__Your assignment__. Without the images, repeat every line of the listing verbatim.

__Source material__.
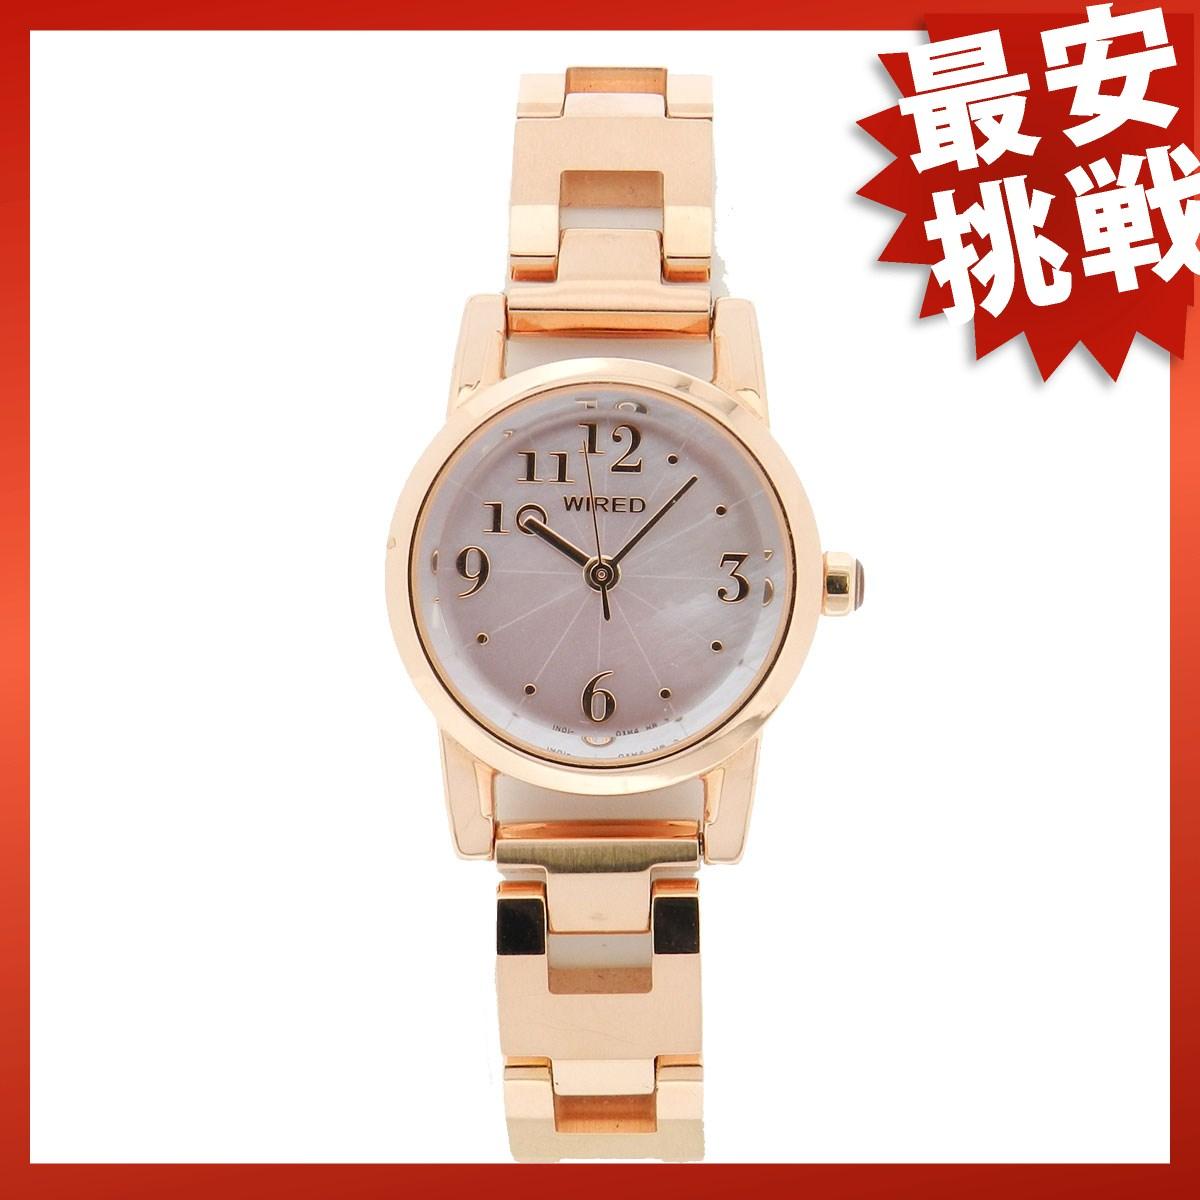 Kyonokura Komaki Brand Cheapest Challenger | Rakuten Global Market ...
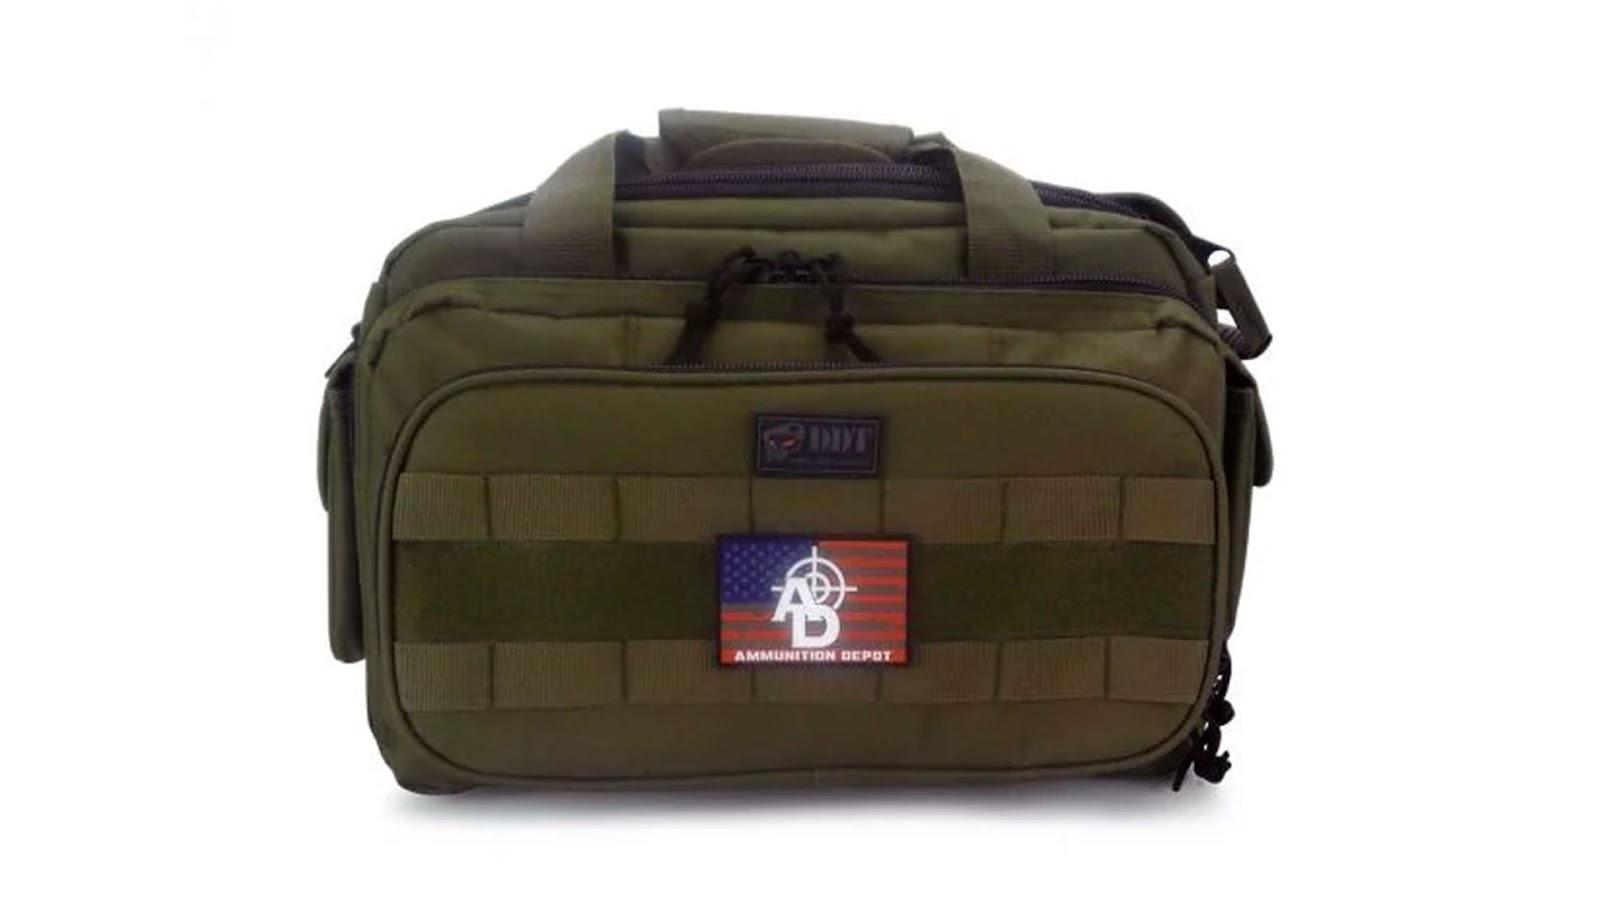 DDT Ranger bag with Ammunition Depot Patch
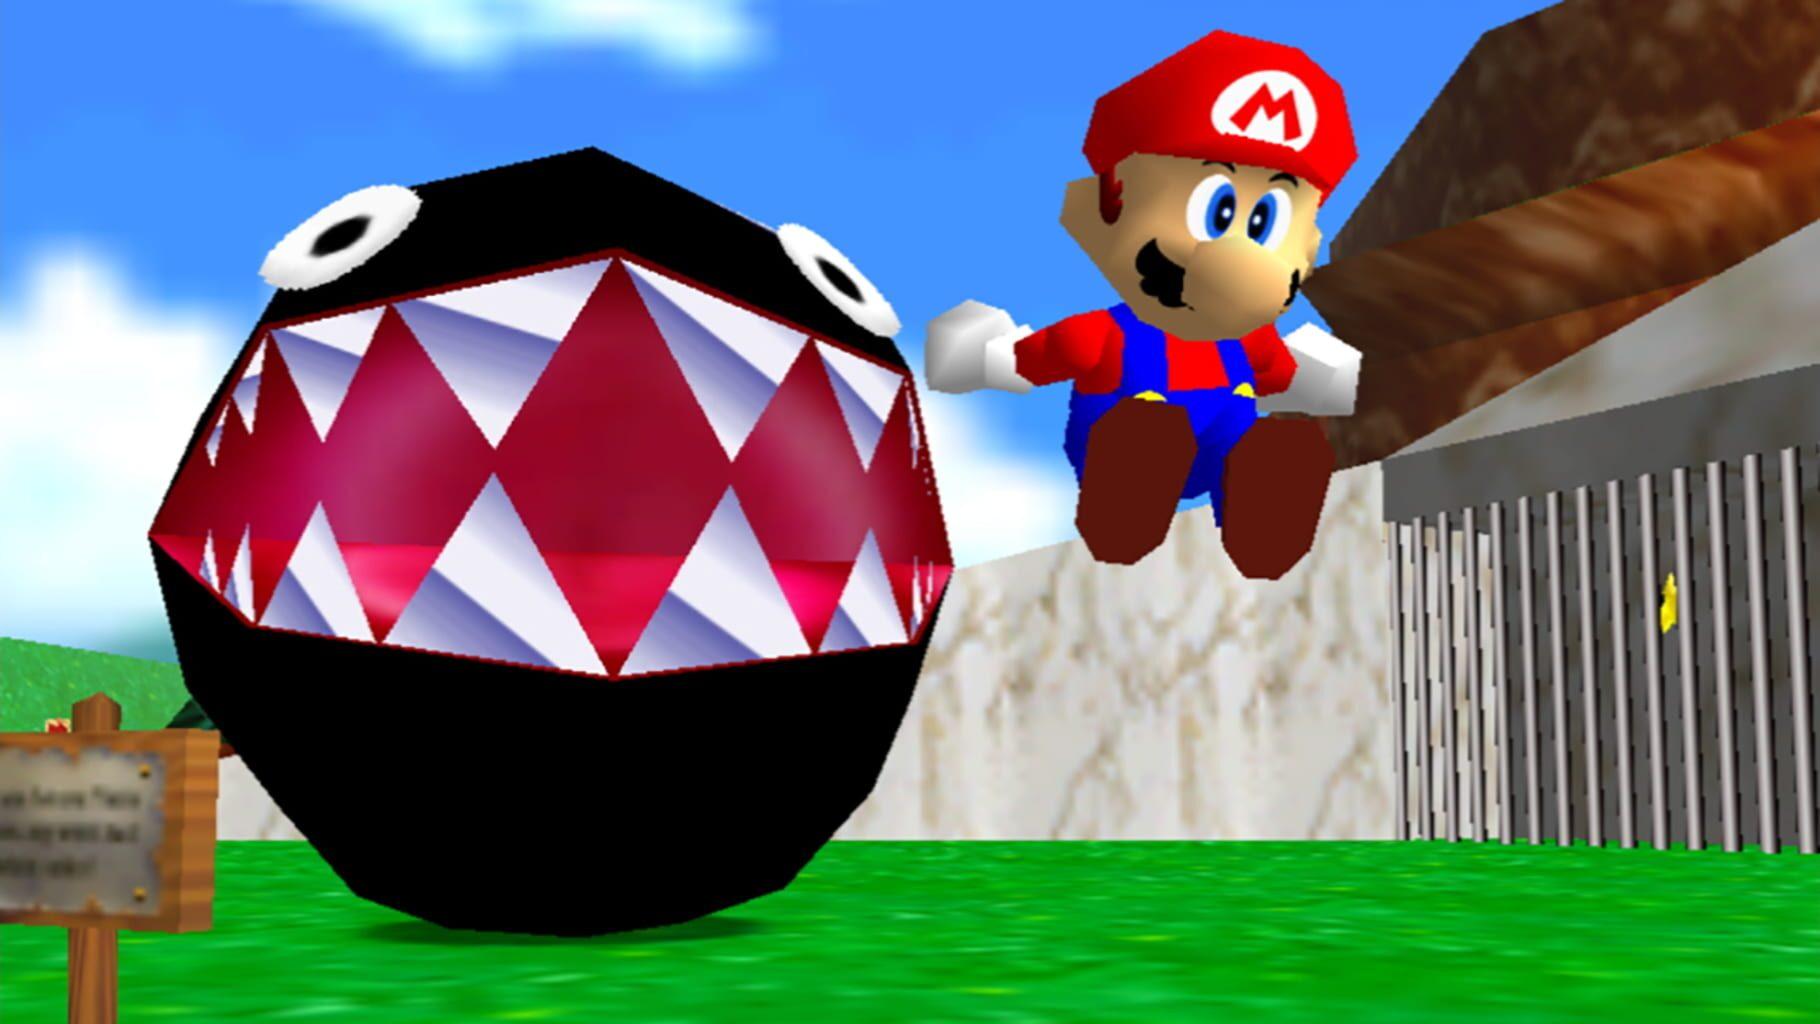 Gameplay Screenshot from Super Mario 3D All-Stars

__Answer to this exercise__.
 Kyonokura Komaki Brand Cheapest Challenger | Rakuten Global Market ...
 DDT Ranger bag with Ammunition Depot Patch
 Gameplay Screenshot from Super Mario 3D All-Stars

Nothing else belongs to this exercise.